Why one free dimension when passing arrays as parameter?

i came across something quite odd(for me at least), while i was reading a C tutorial:

void foo(char arr[]){

}


void main(){

  char old_buffer[100];

  foo(old_buffer);           //Working??!
  char arr2[] = old_buffer;  //Error!


}

The line with the error comment is clear to me, old_buffer is treated like an address so this can't work because the array is missing information how much memory should be allocated. But why is this working in the head of a function? Thanks for your support :)

Upvotes: 0

Views: 71

Answers (3)

Security Crazy
Security Crazy

Reputation: 100

the array in c/c++ work as list of sequential pointers in MEM. the array name is variable that hold the address of first element in array. when we use the index to reach a value that stored at this index location the compiler know that, the value is stored in MEM location that equals to the address stored in array name added by index value . Ex :

A[0] ='v'
A = 0x000000
A[4] = 'c'

//it is location at  0x000000 + 4
//so the
 &A[4] = 0x000004

.

char *arr2 = old_buffer; will be work at your code , and you can deal with arr2 as an array because it hold address of first element of pre-located array in MEM . this compiler way is the reason that get your code to work in the head of a function .

Upvotes: 0

Sergey Kalinichenko
Sergey Kalinichenko

Reputation: 726509

The line with the error comment is clear to me, old_buffer is treated like an address so this can't work because the array is missing information how much memory should be allocated.

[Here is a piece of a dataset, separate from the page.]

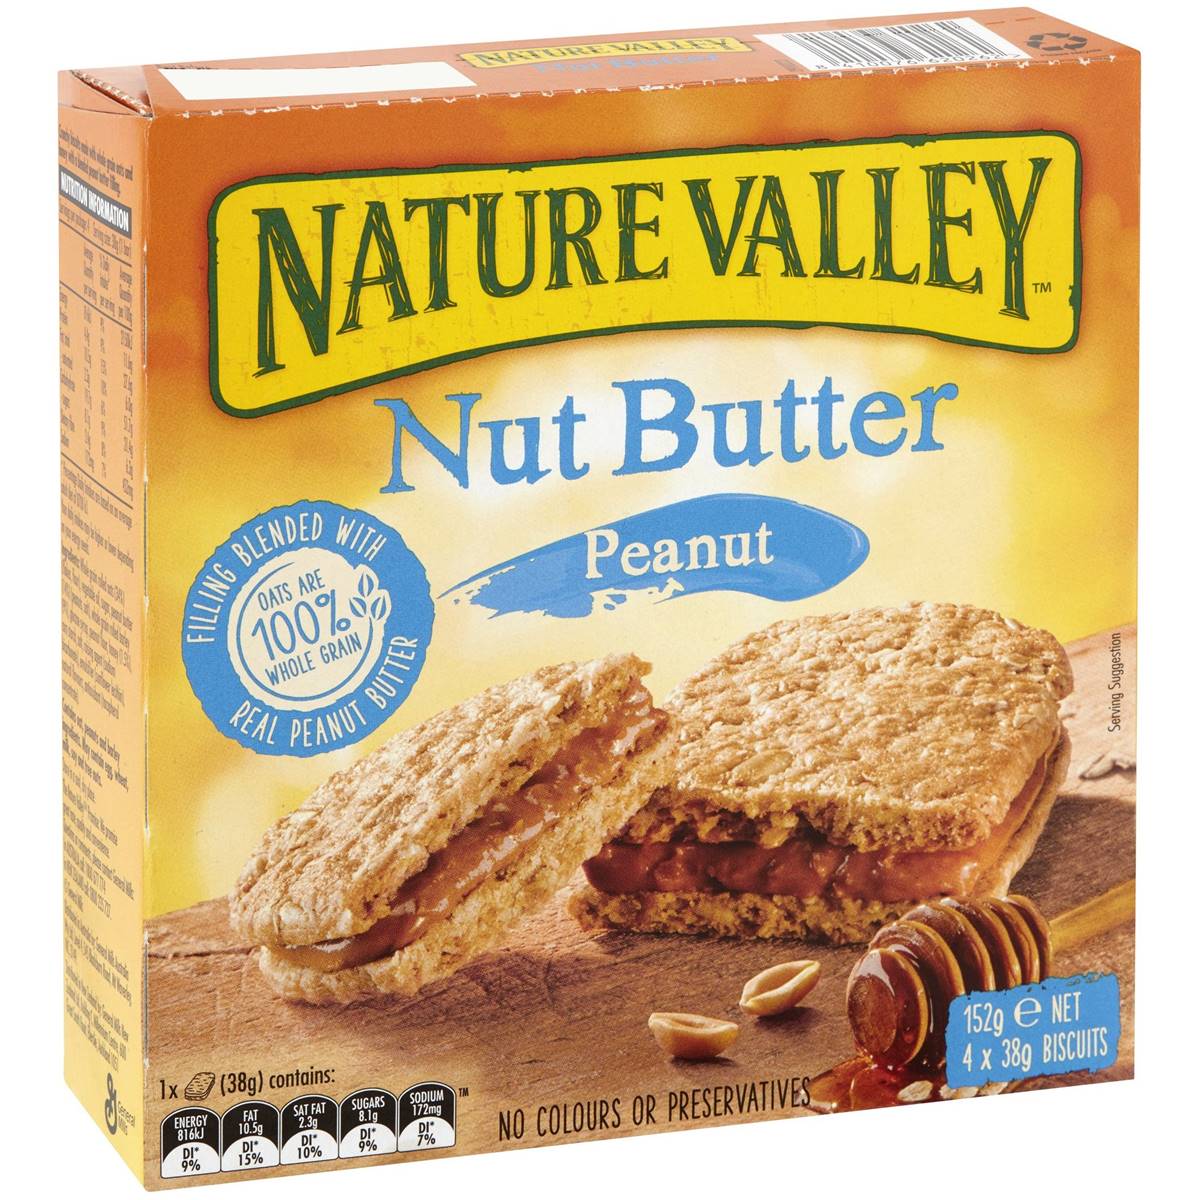 Calories in Nature Valley Nut Butter Peanut
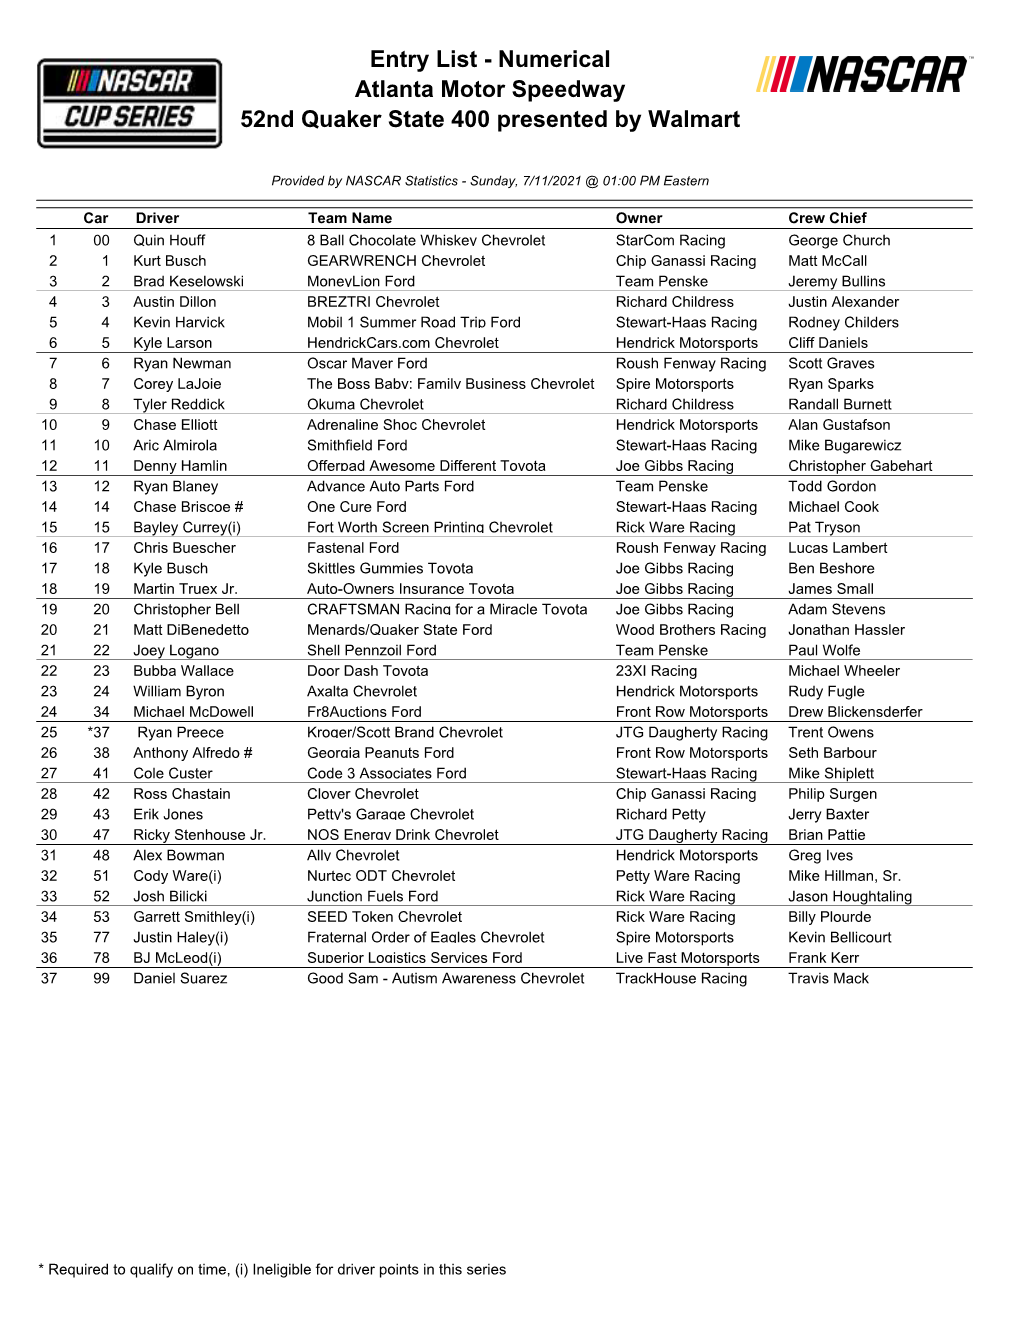 Entry List - Numerical Atlanta Motor Speedway 52Nd Quaker State 400 Presented by Walmart

That's close, but it's not exactly what's happening: the line with the error is not syntactically correct - if you change it to

char *arr2 = old_buffer;

it will work. However, this would not be an array, it would be a pointer. It would allow array-like access, but it would not give you the correct value in the sizeof.

But why is this working in the head of a function?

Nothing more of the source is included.